Another subtle filter that I liked is this Watercolour filter. There is more than one filter with the name Watercolour, which can add to the confusion.
Always remember to lock the image so it won’t be shared!
Most of the filters are far from subtle. This can result in some unusable images, like the portrait above paired with “The Wave”. Other times, you can get some spectacular results. Here’s a water scene that I am using the Picasso filter on.
I must say, I am very pleased with the results below. The only qualm is that the image was sent with over 3000 pixels on the longer side, and is returned as 1000×750 pixels.
Let’s move on to the “Create your own” filter. If you expect to see a lot of sliders and textures to apply in creating a filter, you are wrong. Dreamscope merely takes you to your Photo Library, and allows you to choose a single image that will act as the filter. Below I picked an old public domain sepia print to use as the filter.
The result not only picked up the sepia tinting, but also the squared-off boards on the porch. The shape was carried over into the boxy results. That’s ugly.
I’m a big fan of Dali, so I wondered what would happen if I used “The Persistence of Memory” as a filter.
I don’t get a filter based on the brush strokes, as I might expect given the Hopper filter. I get the color scheme, obviously. Am I seeing drooping clocks, as well?
Another try, this time with the Mona Lisa.
I think I’m getting the hang of it. Dreamscope creates a filter from an image that picks up the color scheme and some of the structural details, but weds that to a simplified base image with some rather harsh lines. This is not quite what I expected, and I don’t find faces growing out of random places on my neck particularly pleasing.
One more try, this time using an abstract created with Spirogrow and iColorama.
A qualified success, and I can see myself considering using that abstract as a filter on other images.
You can get some interesting results, if you have a lot of time to spend. In this image I used an image of red boots on wet asphalt as a filter for a too-dark selfie. It almost saves the image.
Just as a reminder that not all the filters are harsh, here is the same selfie I worked with above with the Facelift filter. This result actually came back in less than three minutes.
As with Artista Haiku last week, there are times when you can use the results blended with the original or with other apps to create something unique. Dreamscope has been getting a lot of use in some iPhoneography groups lately, and some of the users had some good results with Glaze in combination with Dreamscope. I used Glaze in a blend for the image below. Parts of it, like the window, I really like.
I turned this Dreamscope Picasso of Spaceship Earth into a painting using iColorama.
Just by using the Clashing filter on a relatively uniform abstract, I got the bold abstract below. None of the shapes seen were part of the low-contrast original.

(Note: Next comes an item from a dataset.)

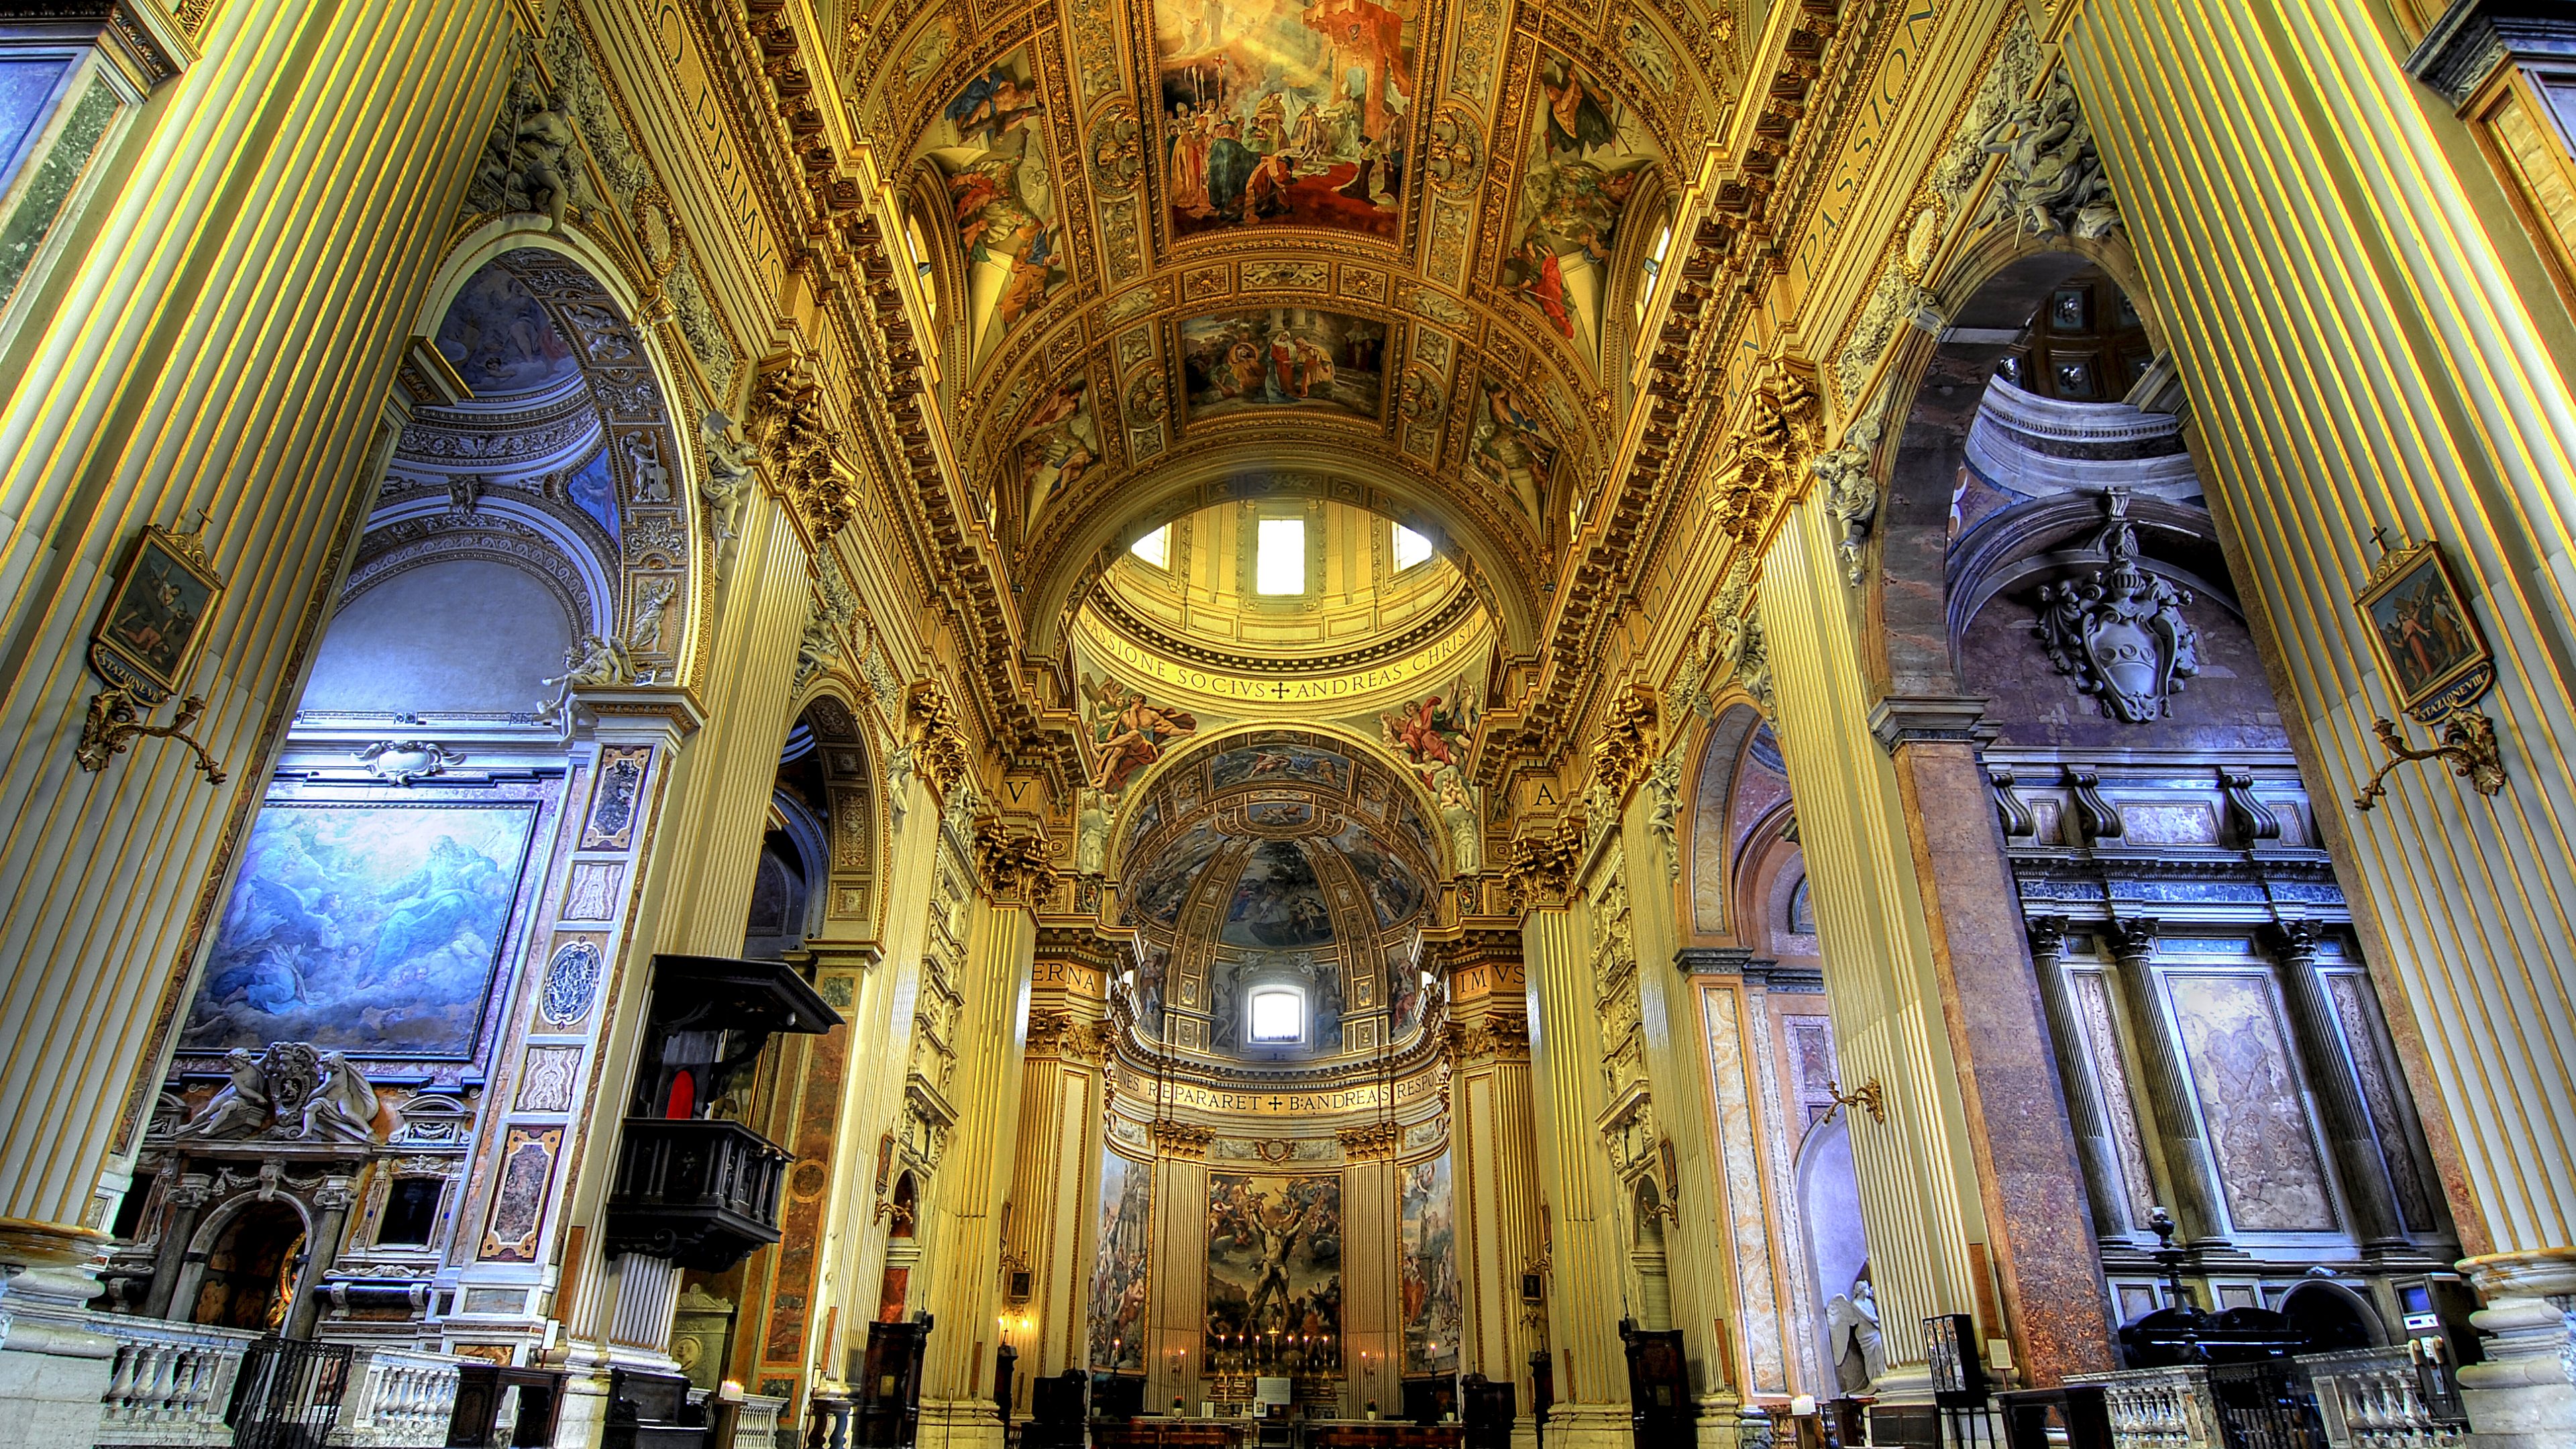 Gilded Architecture in Cathedral by Riccardo Cuppini

In summary, Dreamscope returns low-resolution images after interminable wait times. There’s no way to know if a particular filter will work well with a particular image. It will occasionally result in spectacular images, like the Picasso landscape seen several images above or the beach scene below. Unfortunately, I don’t know if the results are really all that great, or if they just seem great because I spent hours trying different filters, and got really tired. For example, I can usually collect the 30-40 images I use for a tutorial within about 45 minutes. This week it took me three and a half hours, and I had to show you some results that are horrible.